What you will do: Only the pictures are to be left out; return the rest of the data exactly as it stands.

Dataset excerpt:
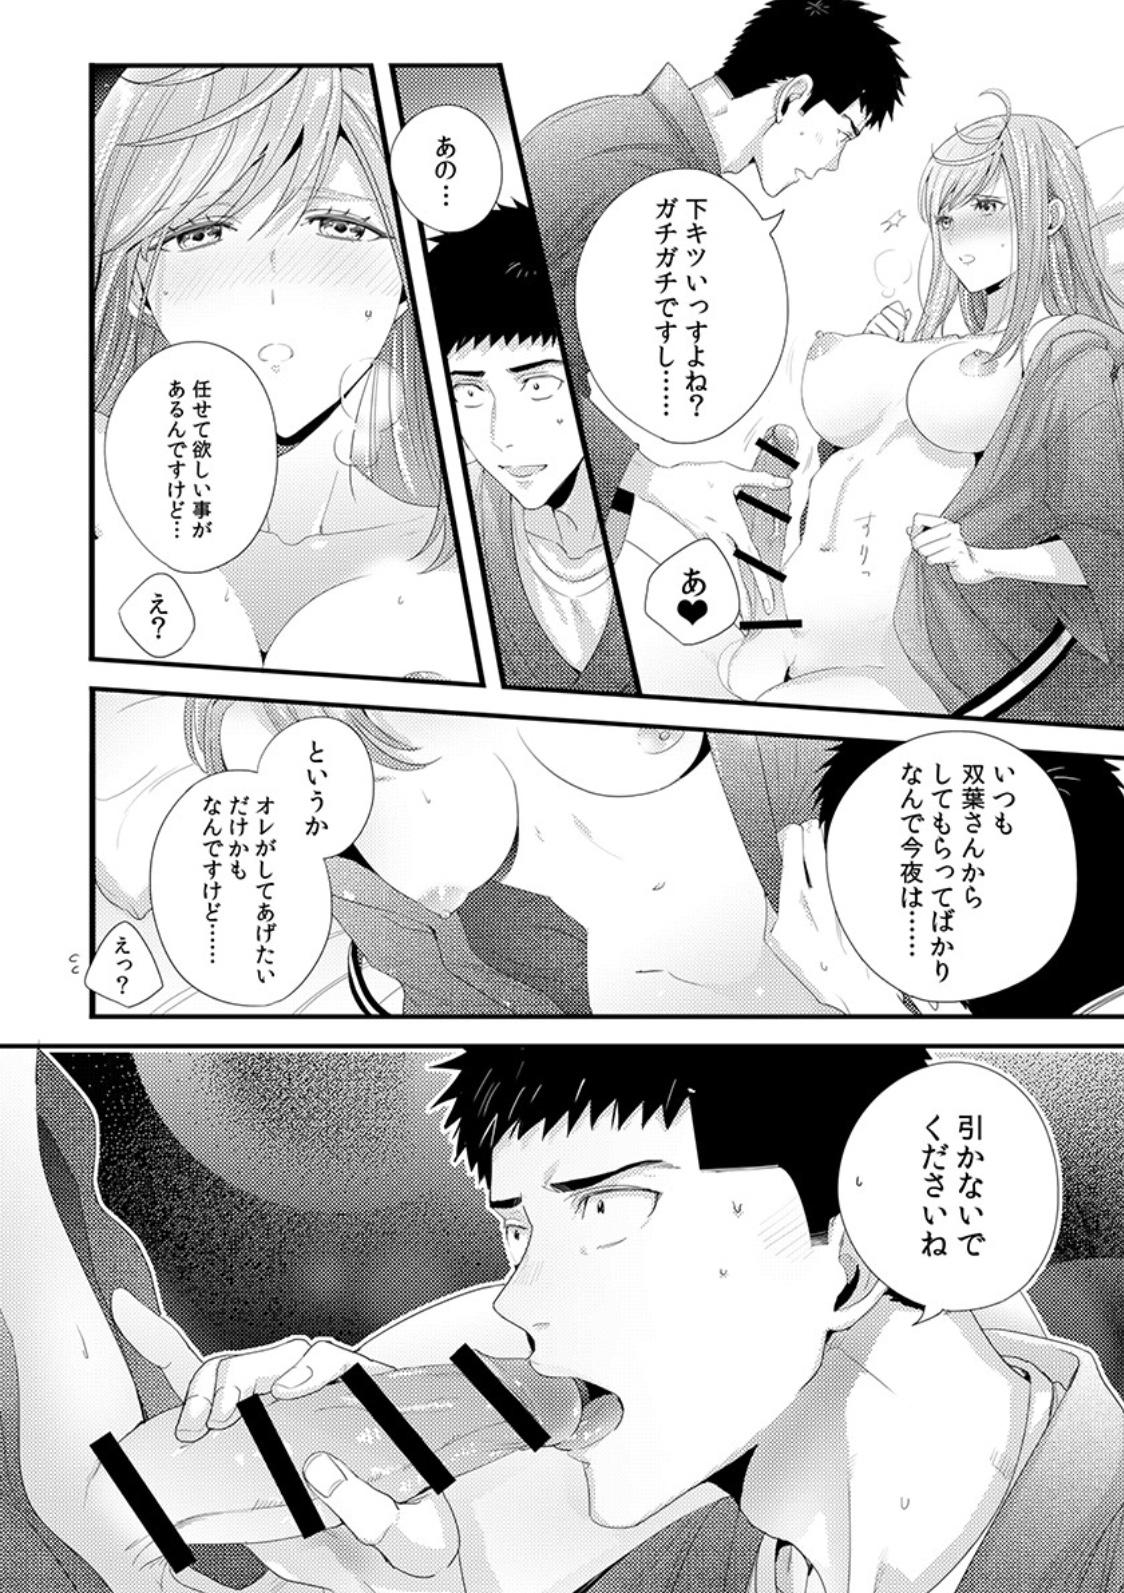 Please Let Me Hold You Futaba-San! Ch. 1+2 19
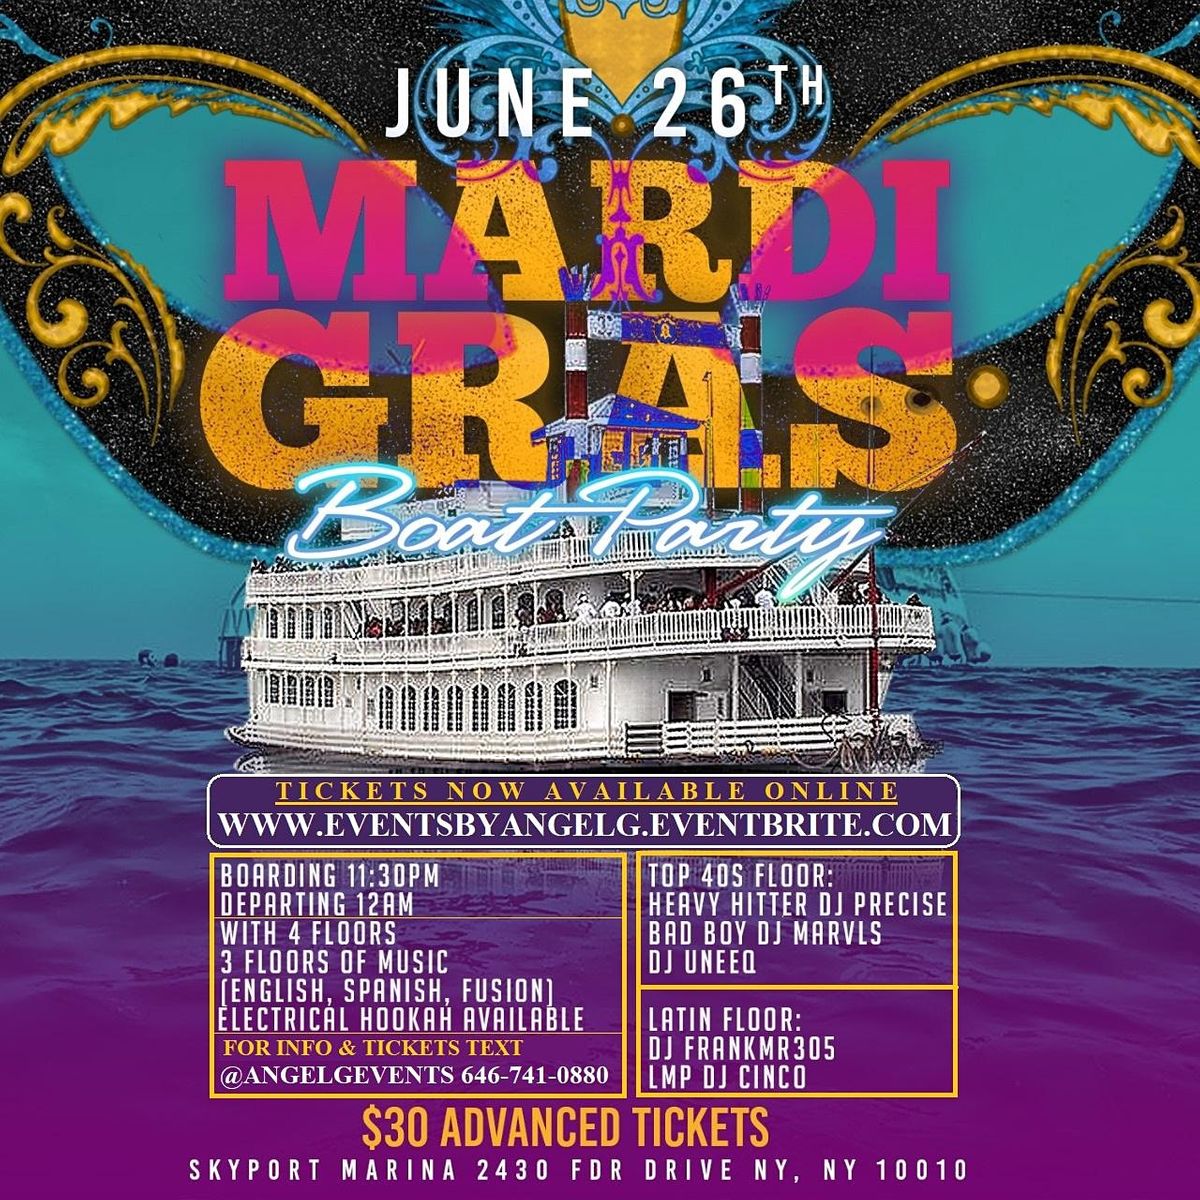 MADRI GRAS BOAT PARTY @ SKYPORT MARINA (HOSTED BY ANGEL G EVENTS)
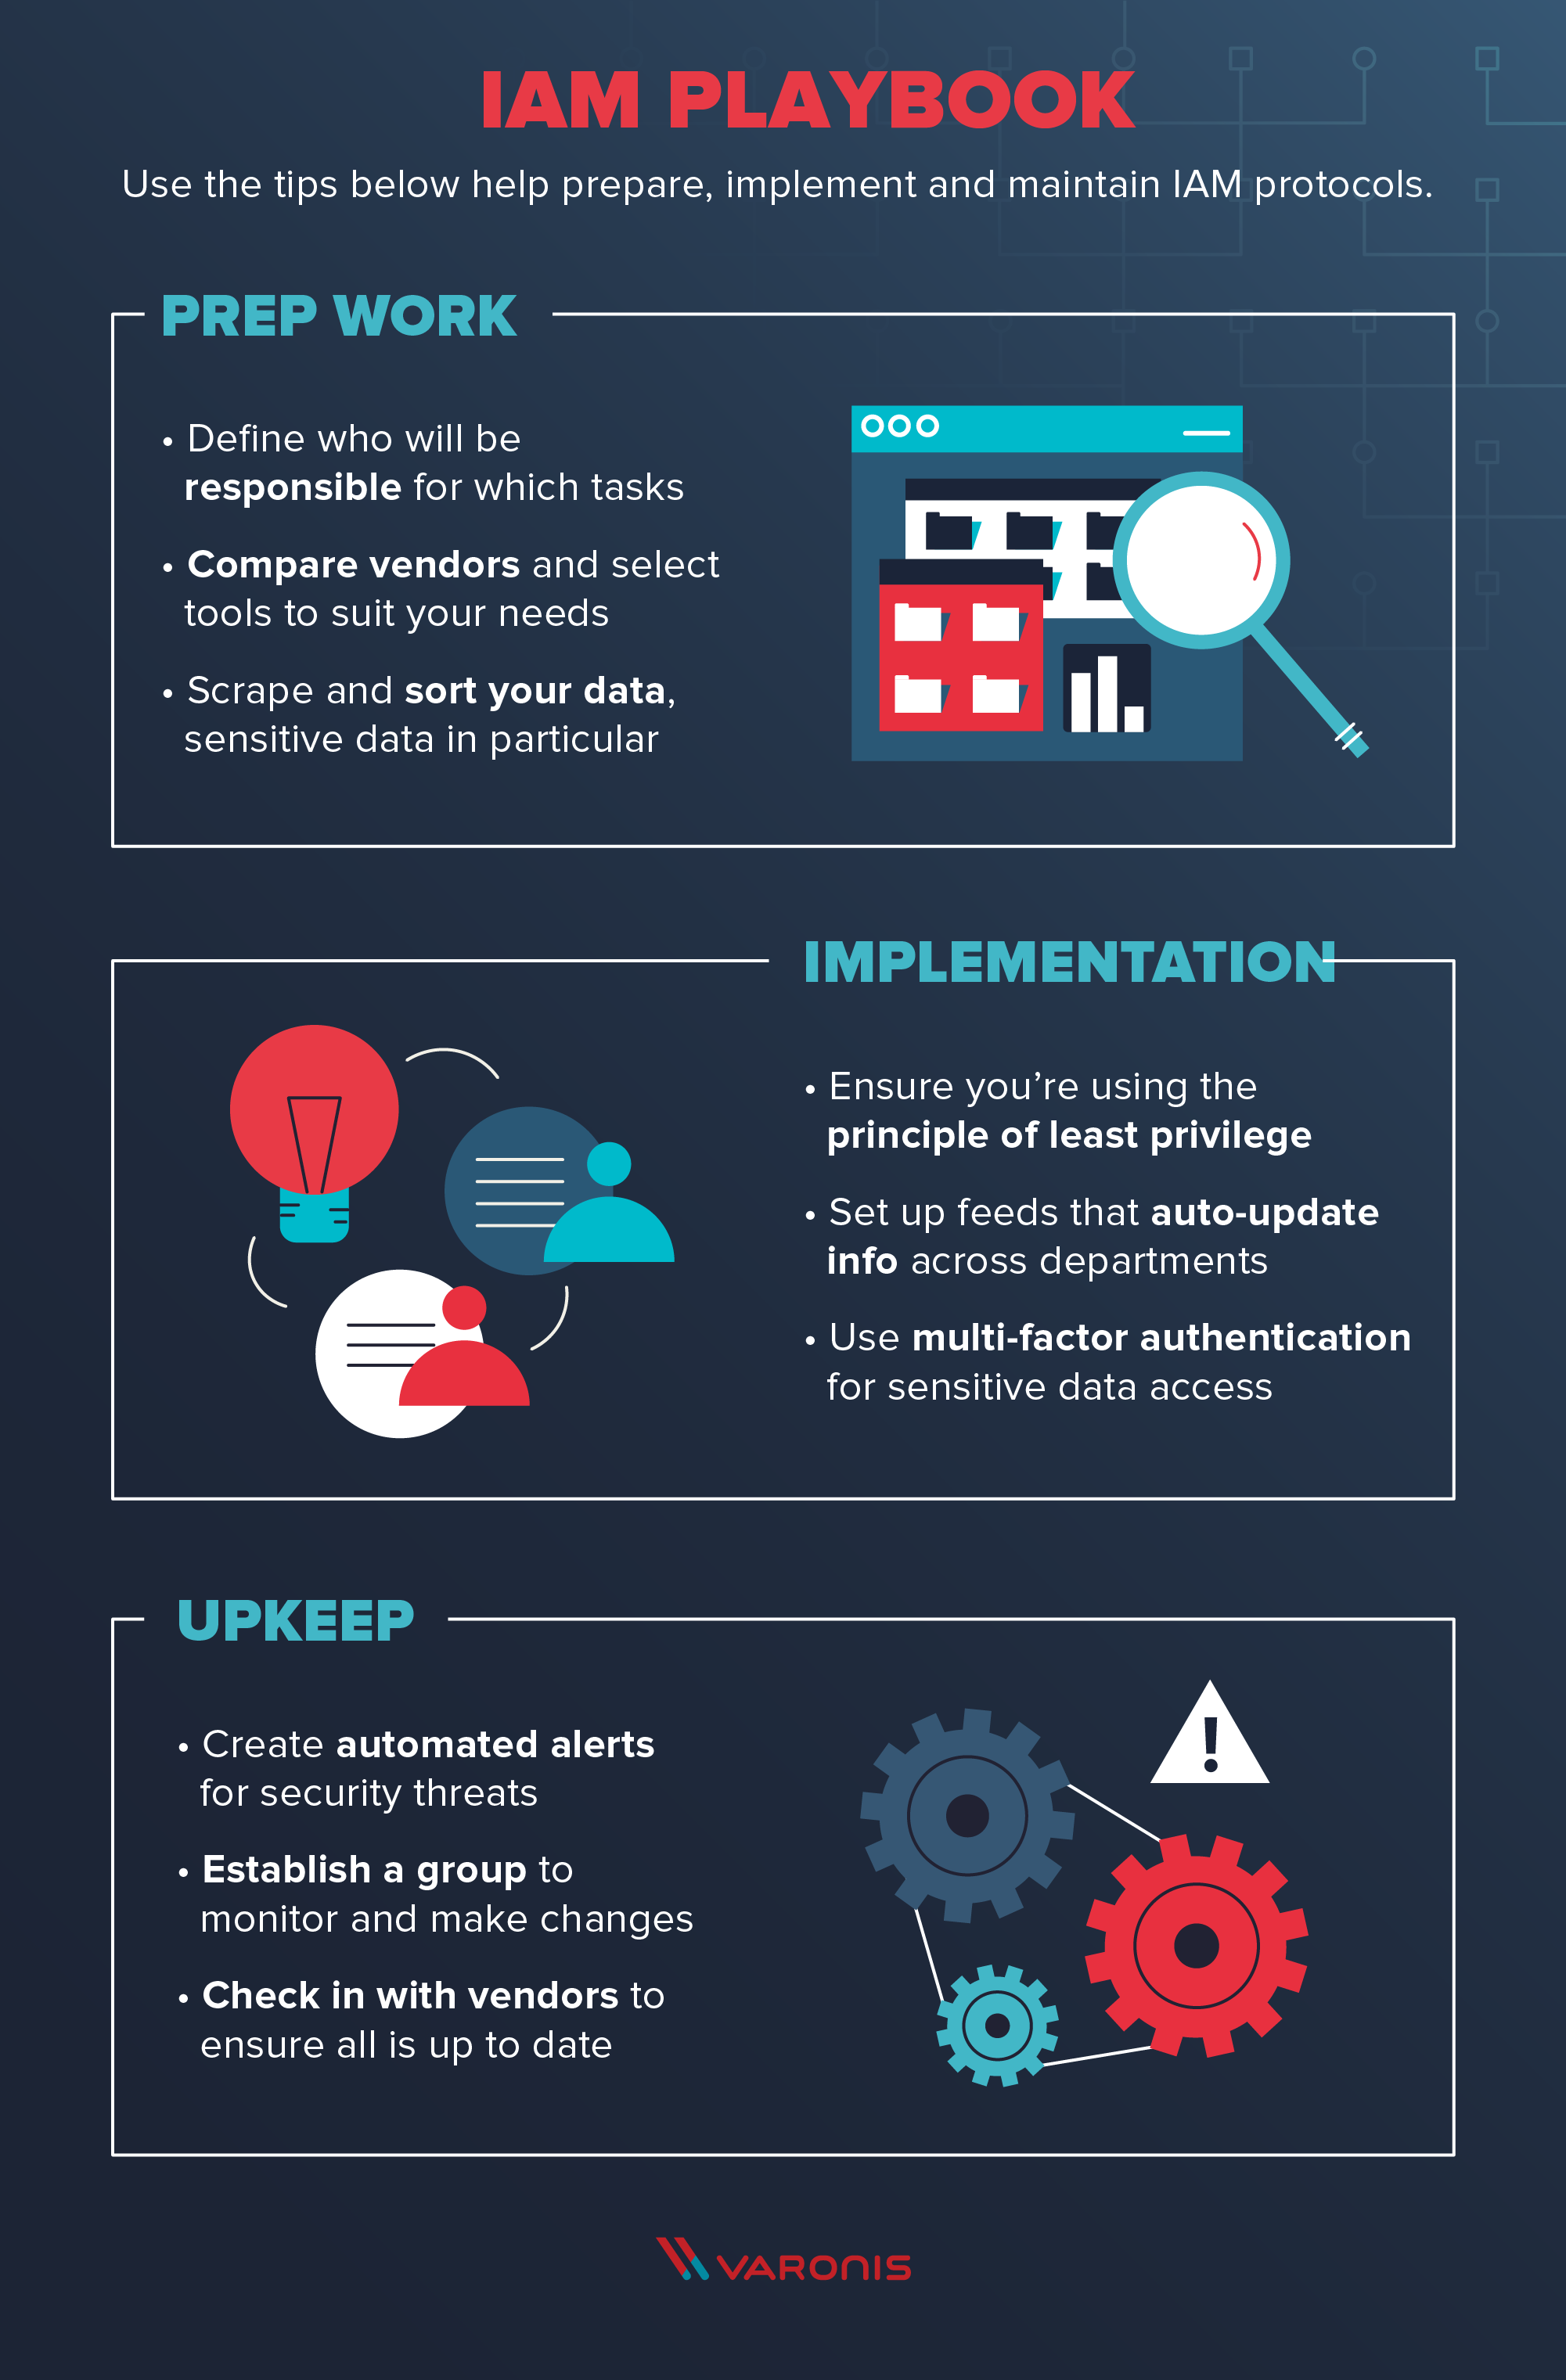 identity access management (IAM) illustration of IAM tips to prepare, implement and maintain IAM standards

Exercise response:
 Please Let Me Hold You Futaba-San! Ch. 1+2 19
 MADRI GRAS BOAT PARTY @ SKYPORT MARINA (HOSTED BY ANGEL G EVENTS)
 identity access management (IAM) illustration of IAM tips to prepare, implement and maintain IAM standards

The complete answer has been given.